Northern wolffish

[4] The Northern wolffish is found in the North Atlantic and Arctic Oceans where it is distributed in the Barents and Norwegian seas to Spitsbergen, Iceland, Faroe Islands, southern Greenland and south along east coast of North America almost to Cape Cod and west to Prince Patrick Island in the Northwest Territories of Canada.

[8] This species inhabits the open areas of the North Atlantic and the offshore region of the continental shelf occurring in bathypelagic waters and has been recorded at a depth of 1,325 m (4,347 ft), the deepest any wolffish has been recorded at, living mainly in the free of the substrate in the water column and occasionally moving up to the surface.

Late in the year, females lay about 46,500 large eggs (up to 8 mm or 5⁄16 inch in diameter) which sink to the sea floor, where they are guarded in nests by the males until they hatch.

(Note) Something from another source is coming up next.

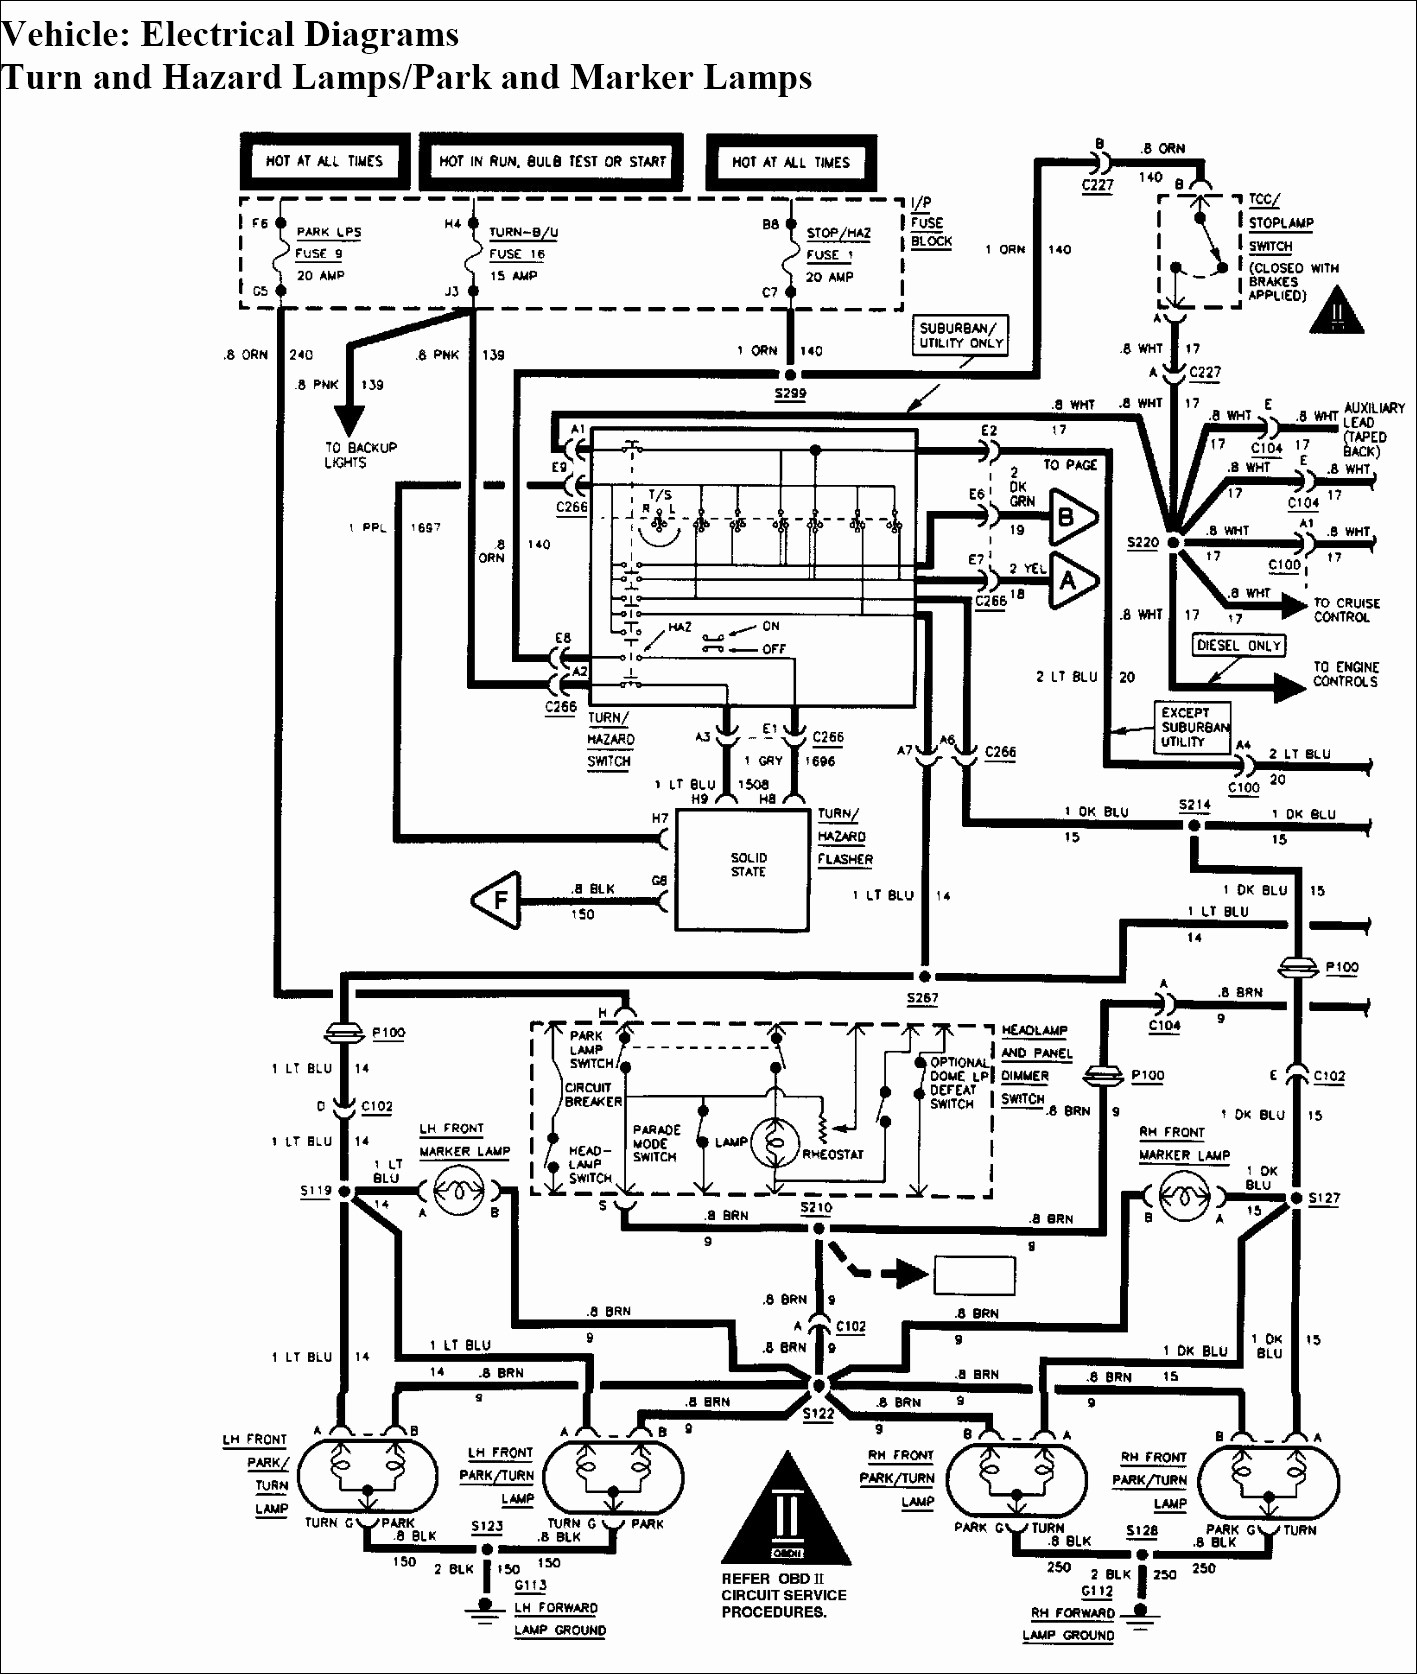 Wiring Diagram PDF: 152 Melex Golf Carts Wiring Diagram

[7] This fish feeds in open water on comb jellies and jellyfish, and on bottom-living crustaceans and invertebrates, such as crabs, sea urchins, brittle stars, and starfish.

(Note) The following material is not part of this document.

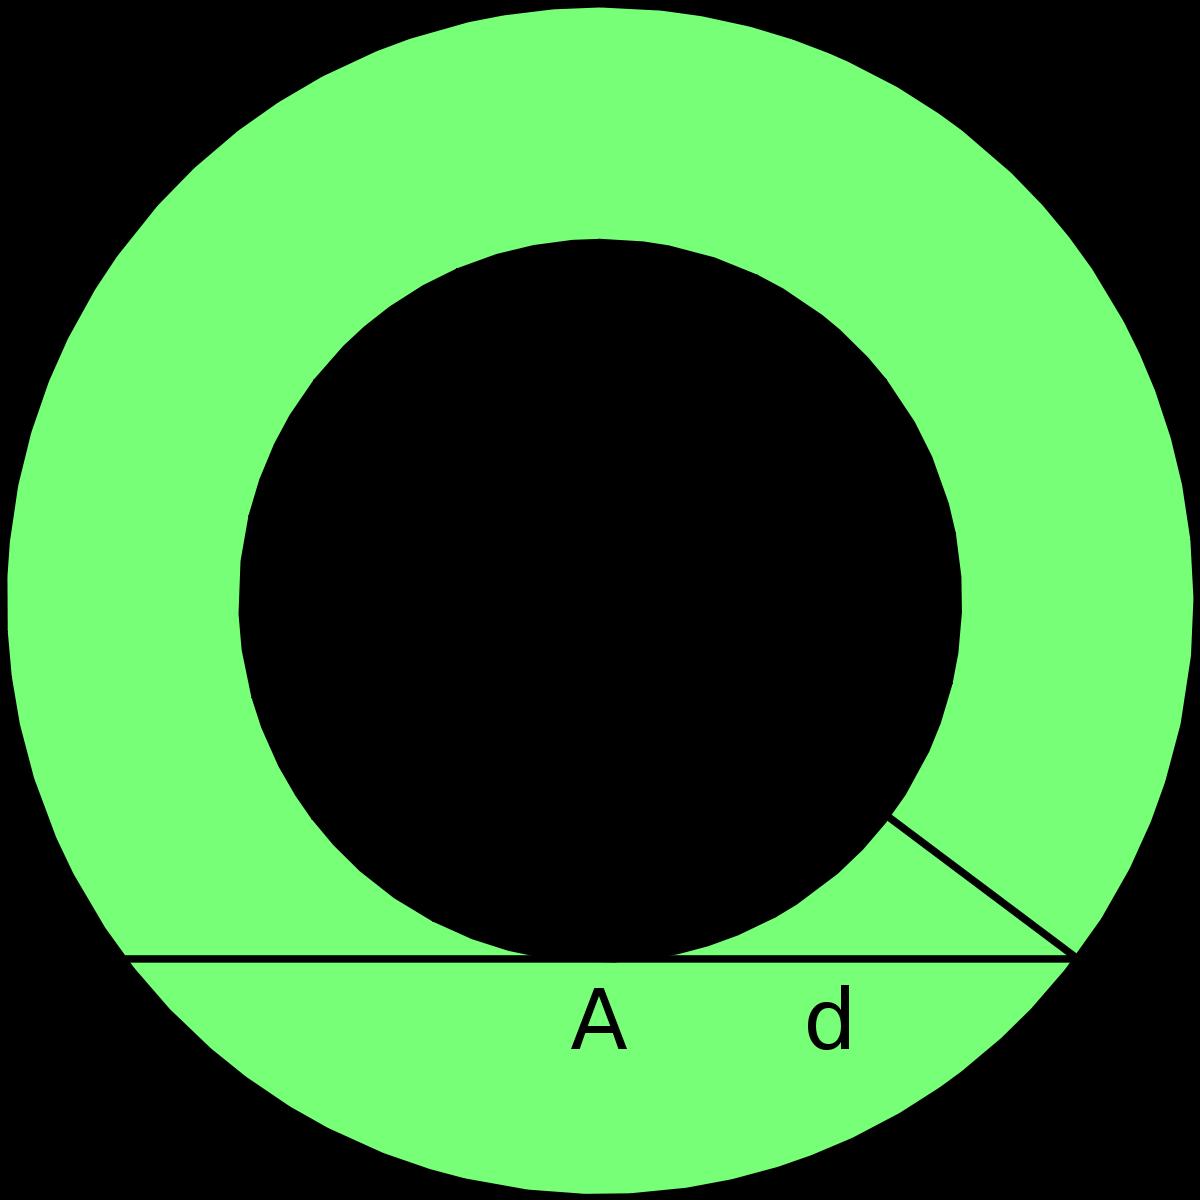 Geometry clipart plane figure. Annulus mathematics wikipedia

[7] In Europe it is regarded as Endangered because of its sedentary habits, the numbers taken as bycatch by fisheries and the threat of anthropogenic climate change.

[1] The Northern wolfish overlaps in range with the Bering wolffish (A. orientalis) in the Bathurst Inlet where the local Inuit do not distinguish between the species, calling both by the name akoak or akoaksaluk ("old woman fish").